__ASSIGNED TASK__.
Nothing but the lines below from the one that contains "Entry coupons for" through the one that contains "Full length body" should be retyped, exactly and including both ends. Do not include pictures.

__RECORDS FOR THIS EXERCISE__.
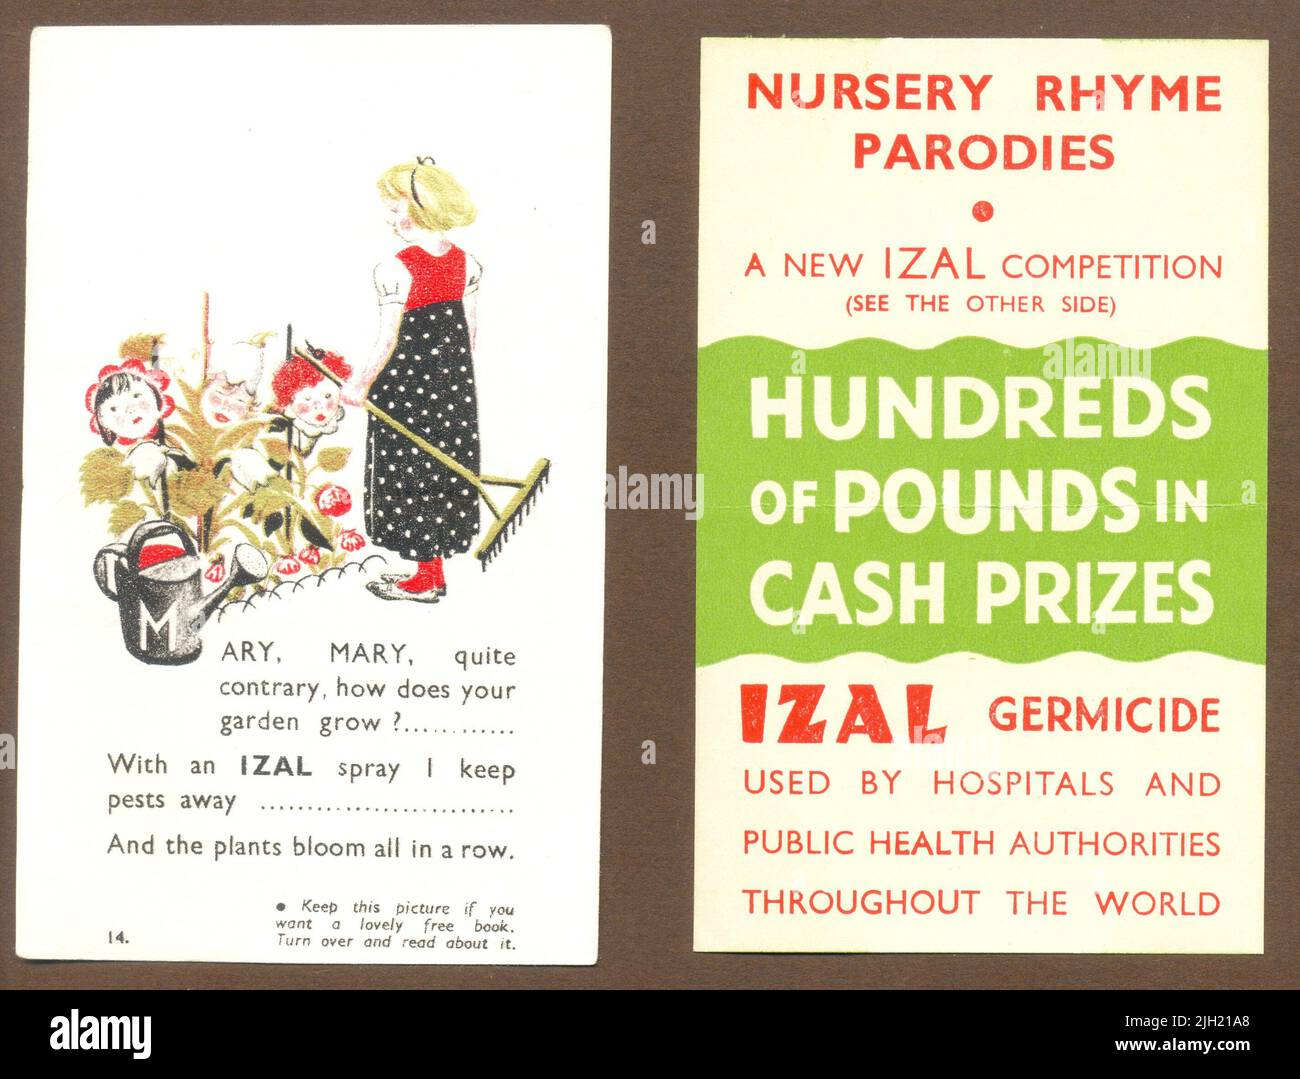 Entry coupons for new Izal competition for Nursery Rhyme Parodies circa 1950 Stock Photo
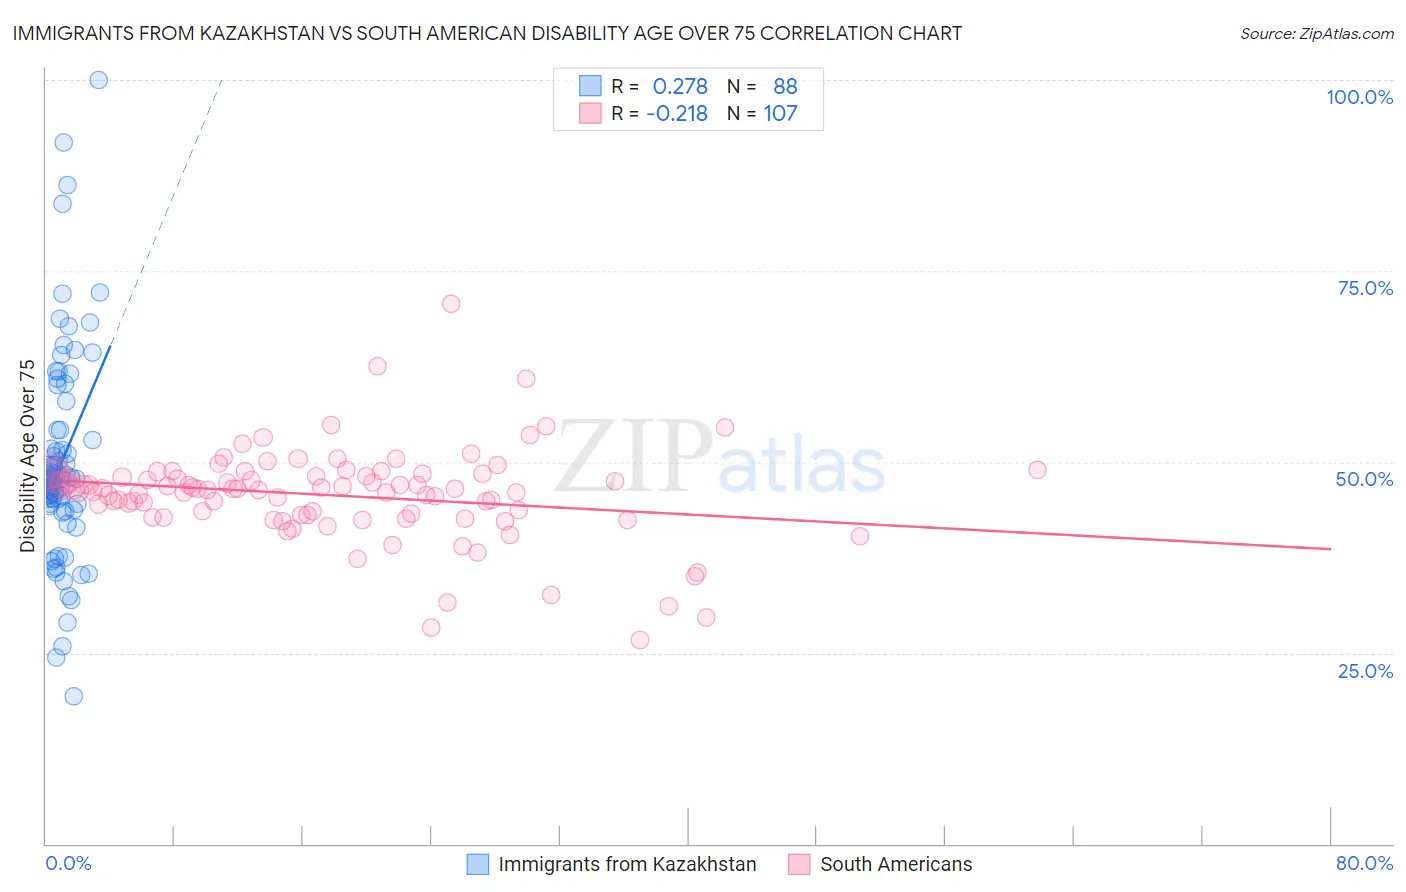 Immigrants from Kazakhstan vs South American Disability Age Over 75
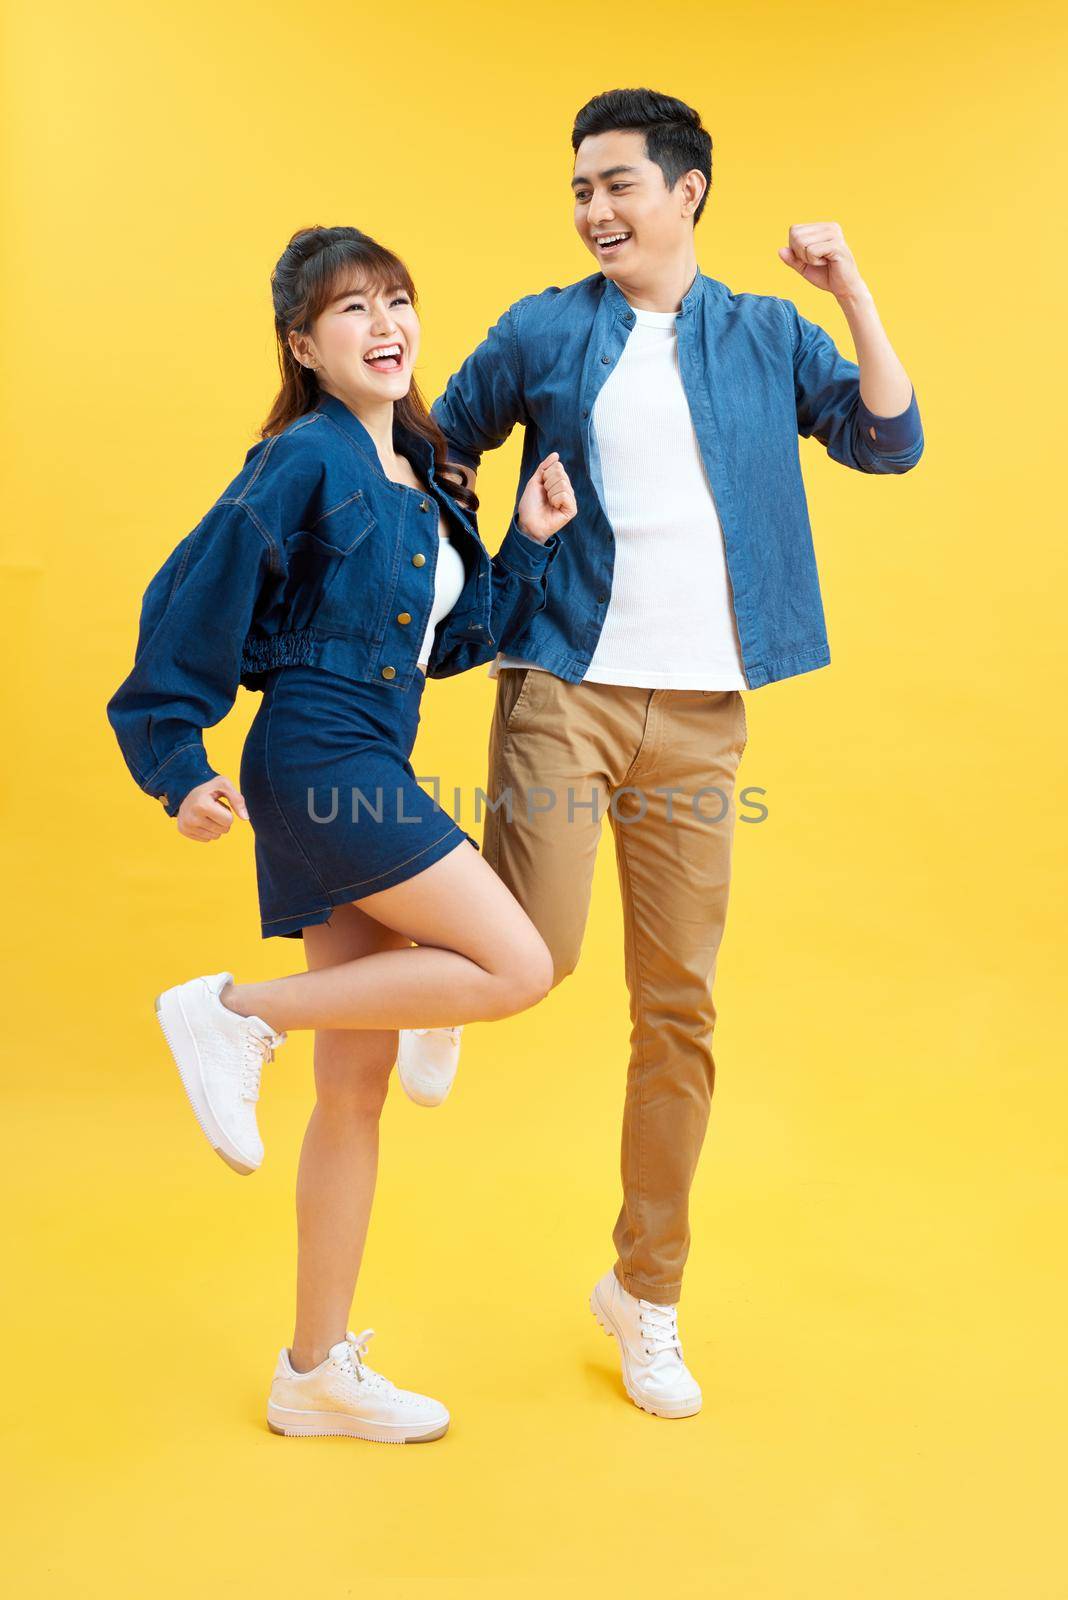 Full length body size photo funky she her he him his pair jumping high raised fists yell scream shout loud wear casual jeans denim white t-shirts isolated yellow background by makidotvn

---

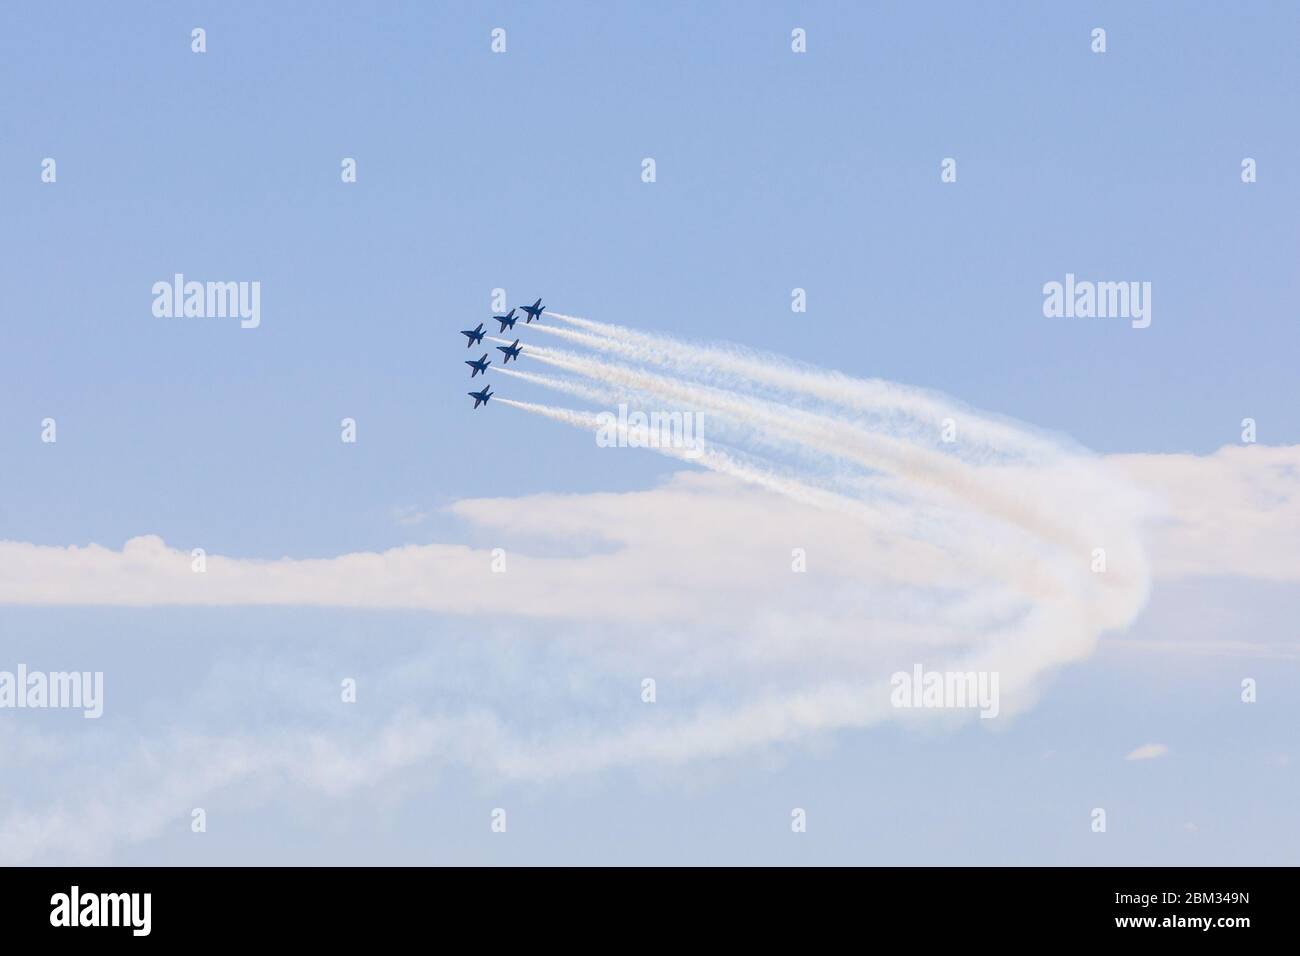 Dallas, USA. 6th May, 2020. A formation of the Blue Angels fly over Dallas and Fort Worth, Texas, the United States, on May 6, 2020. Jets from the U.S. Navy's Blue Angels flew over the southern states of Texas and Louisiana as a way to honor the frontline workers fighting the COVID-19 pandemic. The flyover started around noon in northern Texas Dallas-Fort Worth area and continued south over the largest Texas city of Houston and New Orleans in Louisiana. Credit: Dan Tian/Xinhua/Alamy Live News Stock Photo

__WRITTEN ANSWER__.
 Entry coupons for new Izal competition for Nursery Rhyme Parodies circa 1950 Stock Photo
 Immigrants from Kazakhstan vs South American Disability Age Over 75
 Full length body size photo funky she her he him his pair jumping high raised fists yell scream shout loud wear casual jeans denim white t-shirts isolated yellow background by makidotvn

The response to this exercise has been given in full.